Origins of protein tags

For about as long as the disciplines have existed, cell and molecular biologists have been continuously pursuing new and better methods to peer into the mysterious, microscopic world of cells. The development of antibodies as tools allowed us to detect and capture proteins of interest to better study them in vivo and in vitro, especially in the mid-late 20th century with the advent of hybridoma technology and monoclonal antibodies. However, it was (and still is) infeasible to generate highly specific antibodies for every potential new target and basically impossible if you wanted to distinguish between endogenous and exogenous versions of the same target. In the 1980s, Munro and Pelham set out to address this issue by developing generic strategies for detecting cloned genes (Munro and Pelham, 1984). The strategy they landed on was to recombinantly append their proteins of interest with unrelated peptides that already had high quality antibodies available - aka peptide tagging

Key to this strategy was the existence of high quality antibodies for well defined peptides. Munro and Pelham’s first published peptide tagging experiment involved a peptide from the neuropeptide substance P. This protein had a highly specific antibody to the C-terminal five amino acids, meaning the tag could be quite small. However, substance P has an amide group added to its C-terminus post-translationally, which turned out to be critical for antibody recognition. As such, the peptide could only be added to the C-terminus of proteins of interest and proteins tagged with it needed to be chemically treated before the antibody could detect them (Munro and Pelham, 1984). In their paper they noted that this step “...proved to be quite easy to achieve…” - but I think we can all agree that it sounds less than ideal. 

Unexpected connections

Right around the same time that Munro and Pelham were devising their tagging strategy, another group of researchers was working on isolating monoclonal antibodies to better probe the functions of the human c-Myc gene (Evan, et al. 1985). Myc was one of the earliest identified oncogenes and was a target of intense research. Evan, et al. hoped that their new monoclonals would help the field explore Myc’s role in cell proliferation and tumorigenesis. 

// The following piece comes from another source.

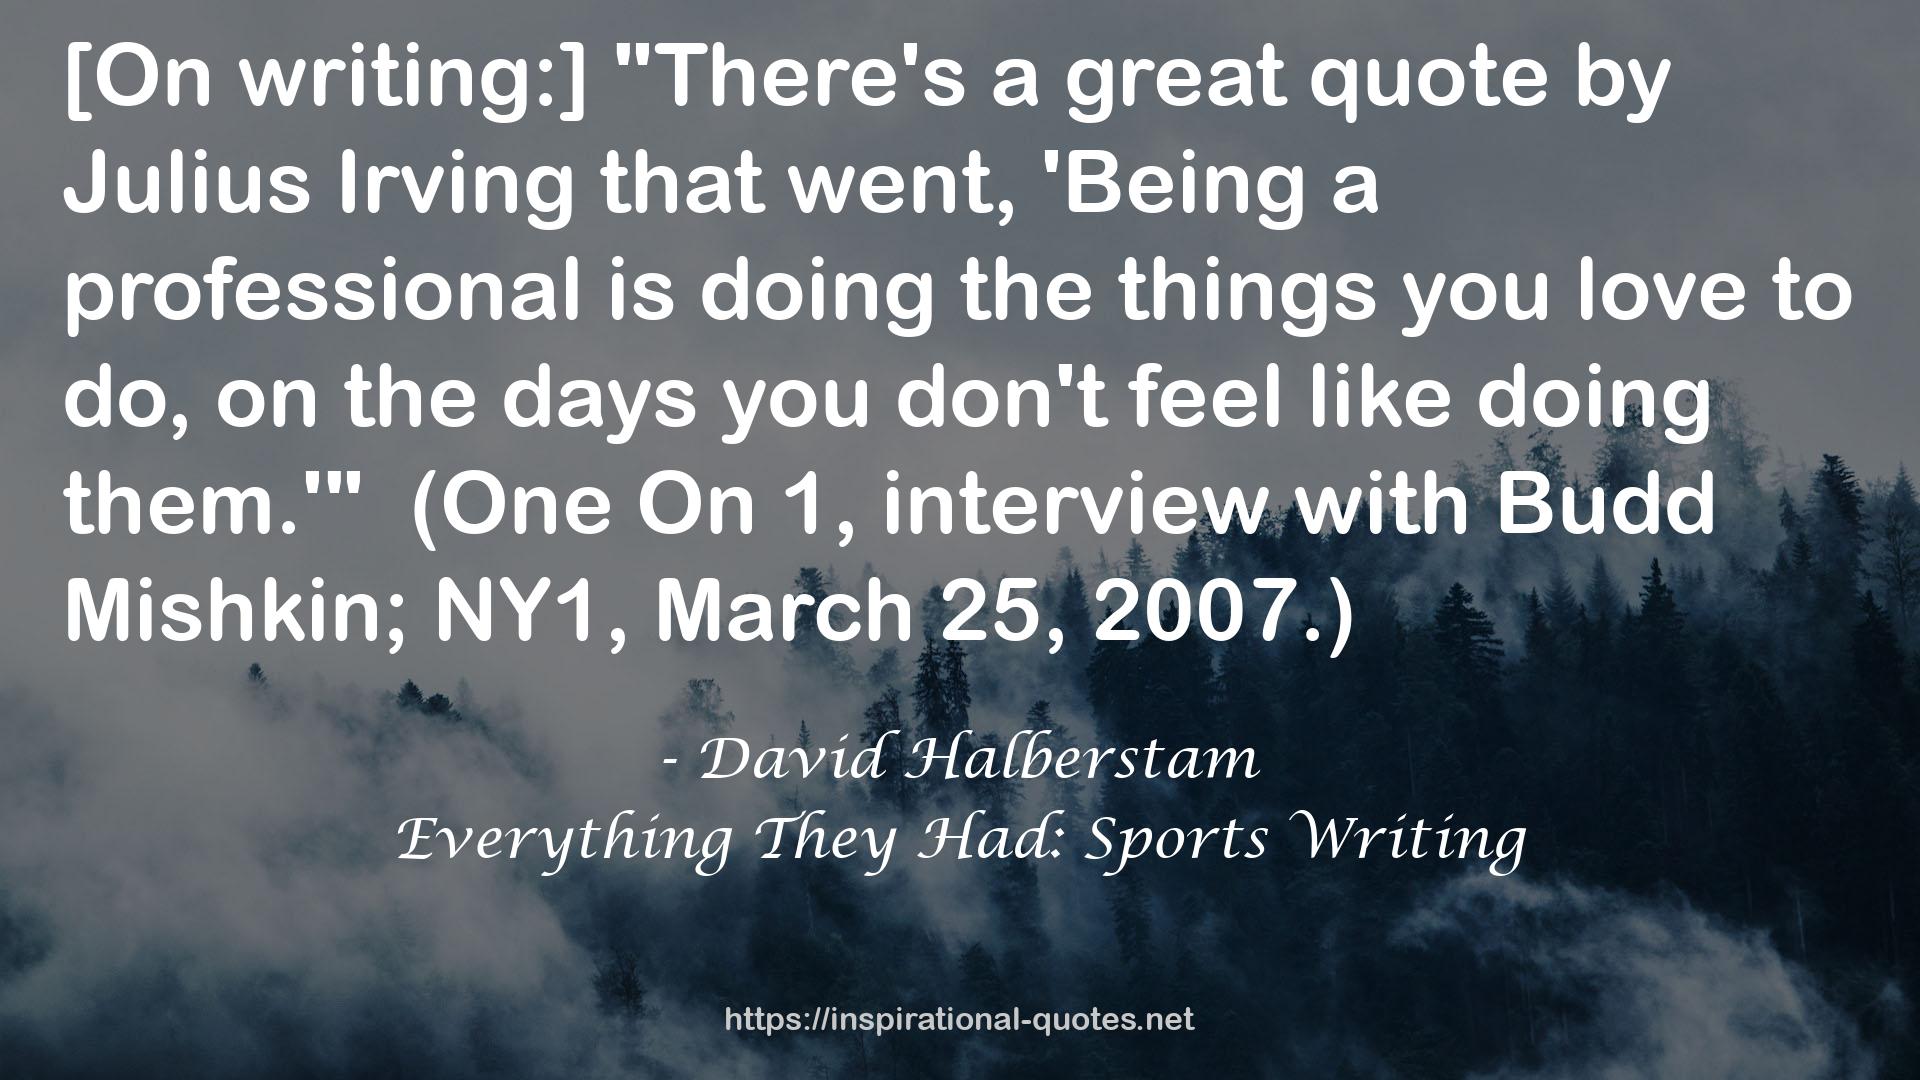 Everything They Had: Sports Writing QUOTES

Using two different synthetic peptides corresponding to linear sequences within the middle of the human c-Myc protein or the C-terminus, Evan, et al. isolated six different monoclonal antibodies (Evan, et al. 1985). Three bound to the mid-protein peptide, while three bound to the C-terminal peptide. One of these C-terminal antibodies was Myc1-9E10 (aka anti-c-Myc [9E10]). They noticed that Myc1-9E10 and the other C-terminal antibodies only recognized the human c-Myc protein and did not recognize the mouse or chicken homologs. By comparing the homologous sequences in these species, they found that the N-terminal half of the antigen differs significantly between human and the other species, suggesting that these antibodies recognize an epitope within that region.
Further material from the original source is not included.